January 26, 2026

The Twelve: 01 Monday Mindset

A minute of insights.

Spend :01 of your time each Monday morning as Twelve:01 delivers timely tools, trends, strategies, and/or compliance insights for the CME/CE enterprise.

RGC COV: A Shortcut to More Reliable AI Outputs

Prompt engineering refers to the practice of structuring instructions to guide generative AI toward clearer, more accurate, and more useful outputs. RGC COV is commonly defined as Role, Goal, Context, followed by Constraints, Output, and Verification, ensuring the LLM understands who it is, what it must do, and how success is measured. For CME/CE professionals, this approach reduces ambiguity, improves factual alignment, and supports outputs that are appropriate for regulated, evidence-based environments. Explicit constraints (e.g., length, tone, citations) and output specifications can help align responses with accreditation standards and learner expectations. Incorporating a verification step, such as asking the model to self-check against guidelines or flag uncertainty, adds a critical safety layer for clinical and educational use.

A National Strategy for Patient Safety and AI

The National Academy of Medicine has announced a new two-year initiative, Patient Safety in the Era of AI, launching in spring 2026 and aimed at using artificial intelligence to help move the long-held goal of “zero harm” from aspiration to achievable reality. Coming 25 years after To Err is Human exposed the scale of preventable harm, the effort recognizes that growing system complexity has introduced new risks, while also creating new opportunities for AI to strengthen core safety practices and anticipate failure before it occurs. A national Steering Group co-chaired by leaders from Mayo Clinic, CommonSpirit Health, and Patients for Patient Safety U.S. will guide the work, alongside representatives from health systems, regulators, technology companies, and patient advocates.
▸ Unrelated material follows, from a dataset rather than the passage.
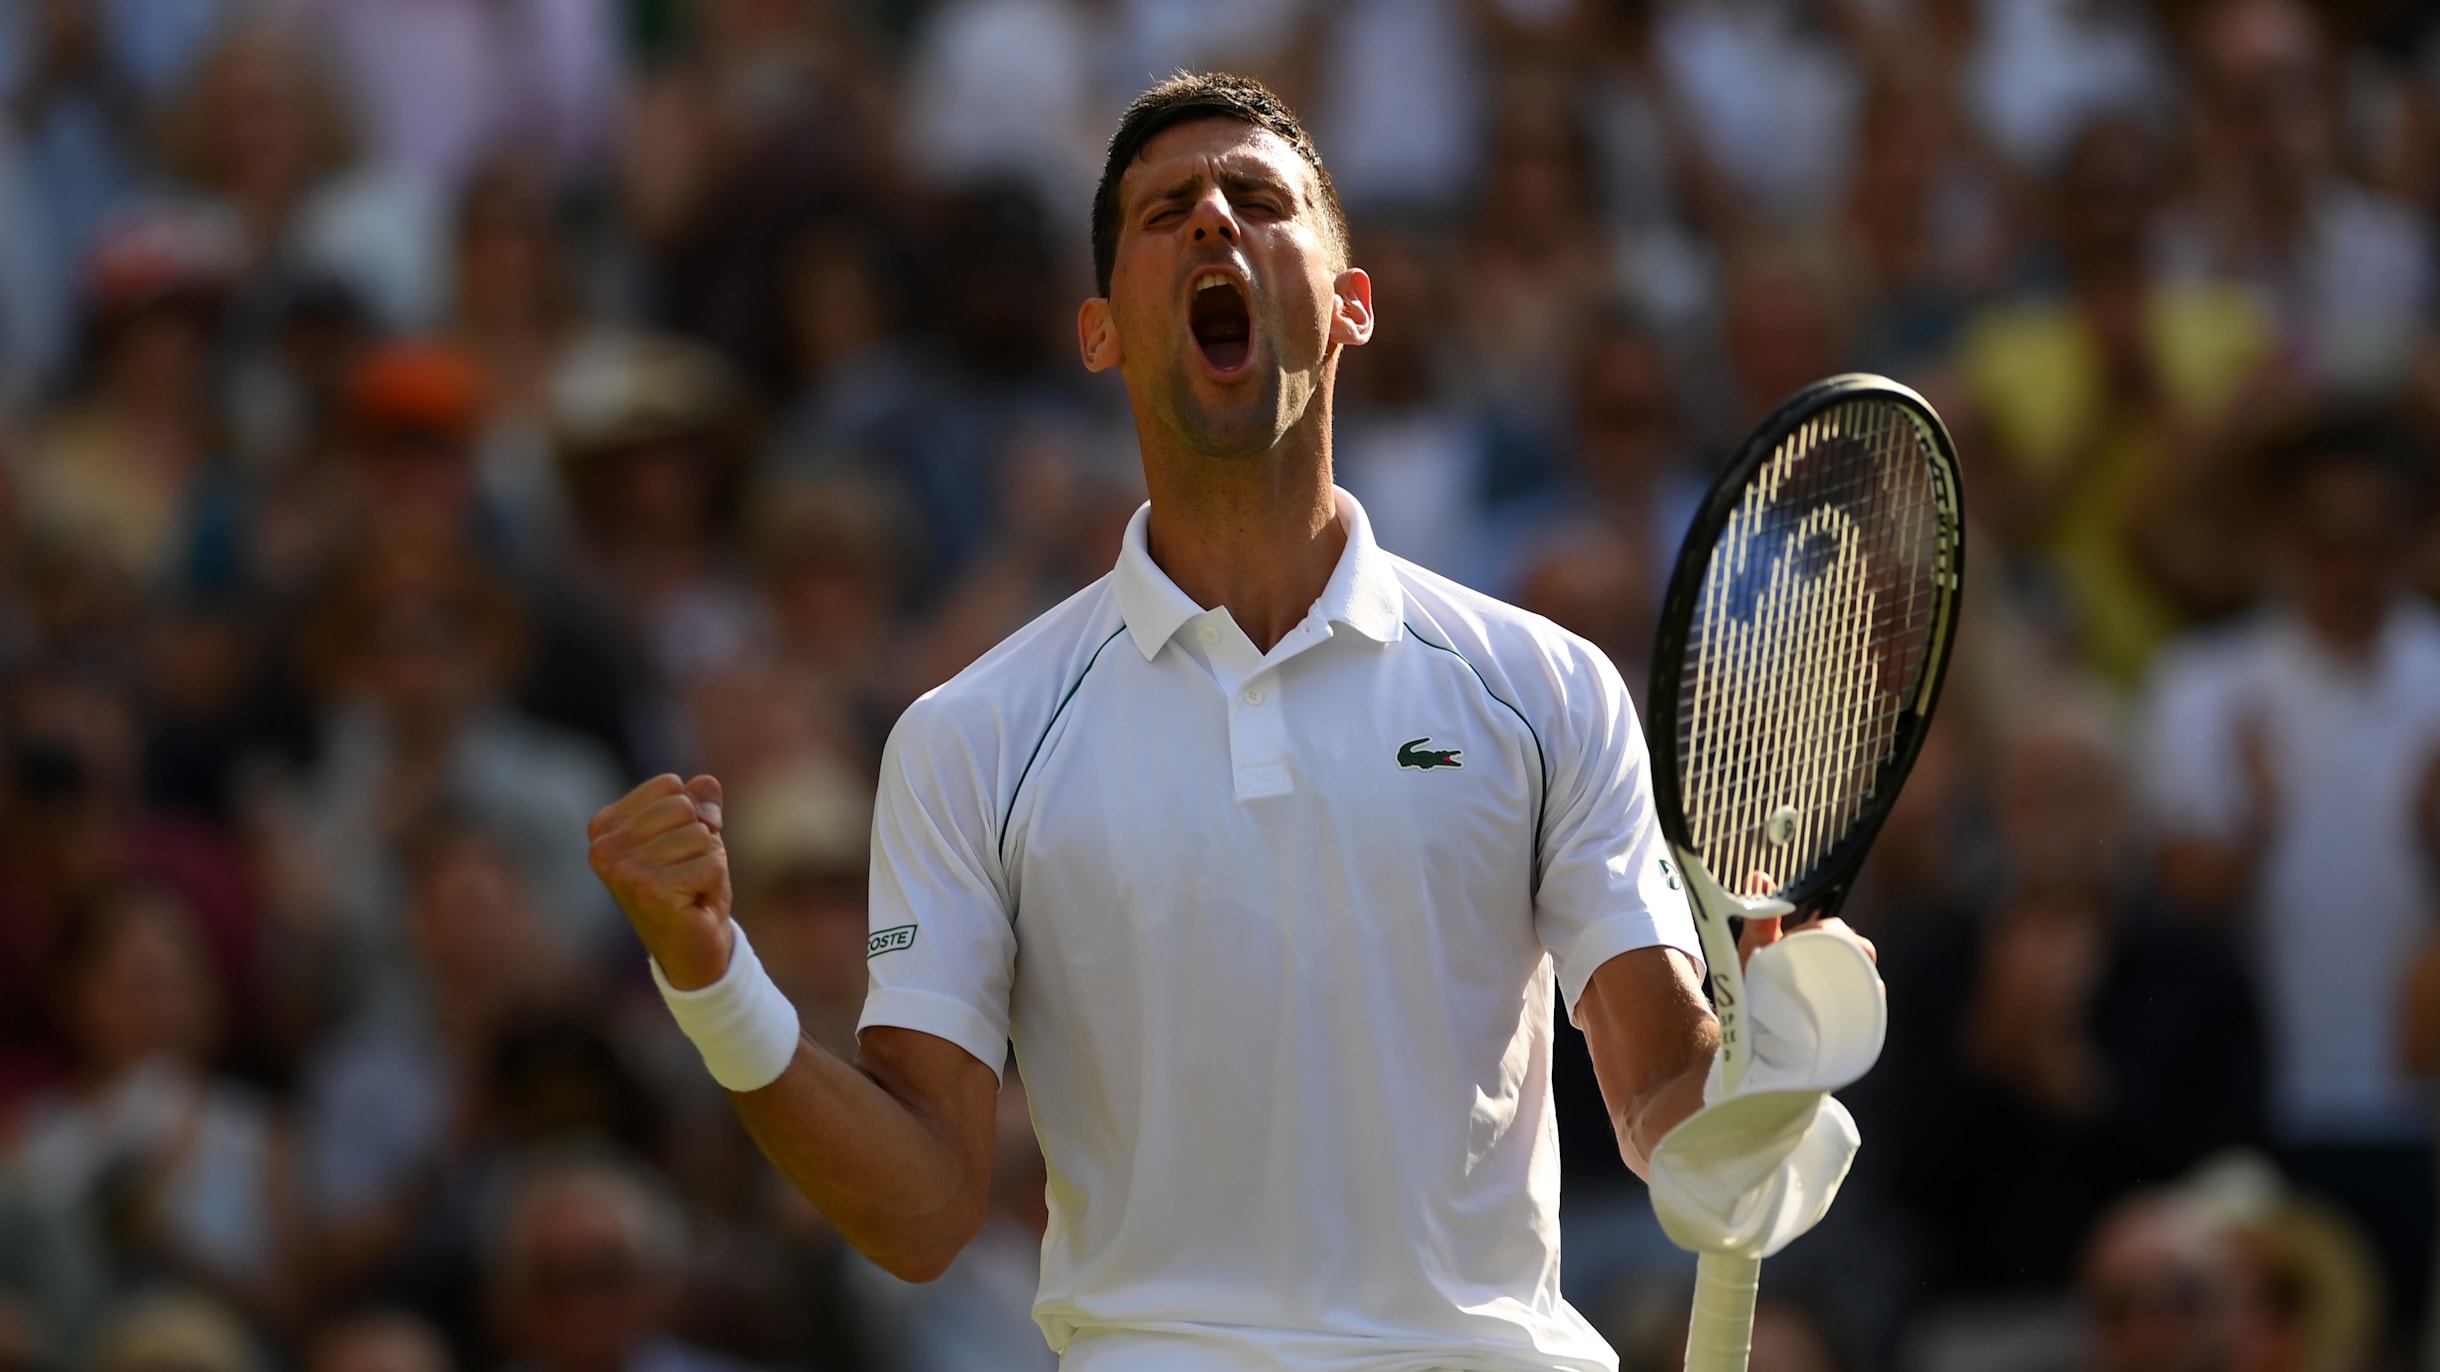 Wimbledon 2022 final Novak Djokovic vs Nick Kyrgios, watch live streaming and telecast in India

From Governance to Design: AI’s Unfinished Conversation

As nearly 3,000 global leaders gathered in Davos for the World Economic Forum (WEF), and headlines were plentiful, artificial intelligence dominated discussions on growth, risk, and geopolitics. In an upfront analysis of the WEF agenda, Amelia Green, Founder and CEO of U-BI, who was invited to participate in this year’s meeting, highlighted what she believed to be a “striking imbalance” from the outset: across dozens of AI-related sessions, far more attention seemed to be given to governing AI’s risks than to using AI, itself, to mitigate the risks it creates. Green argues that the next phase of leadership will be defined by AI-native architectures that embed accountability, resilience, and risk mitigation directly into the systems AI reshapes. For all AI use cases, this shift from debate to design underscores an important question: are we building systems that merely respond to AI, or ones that harness it to actively rebalance and improve them?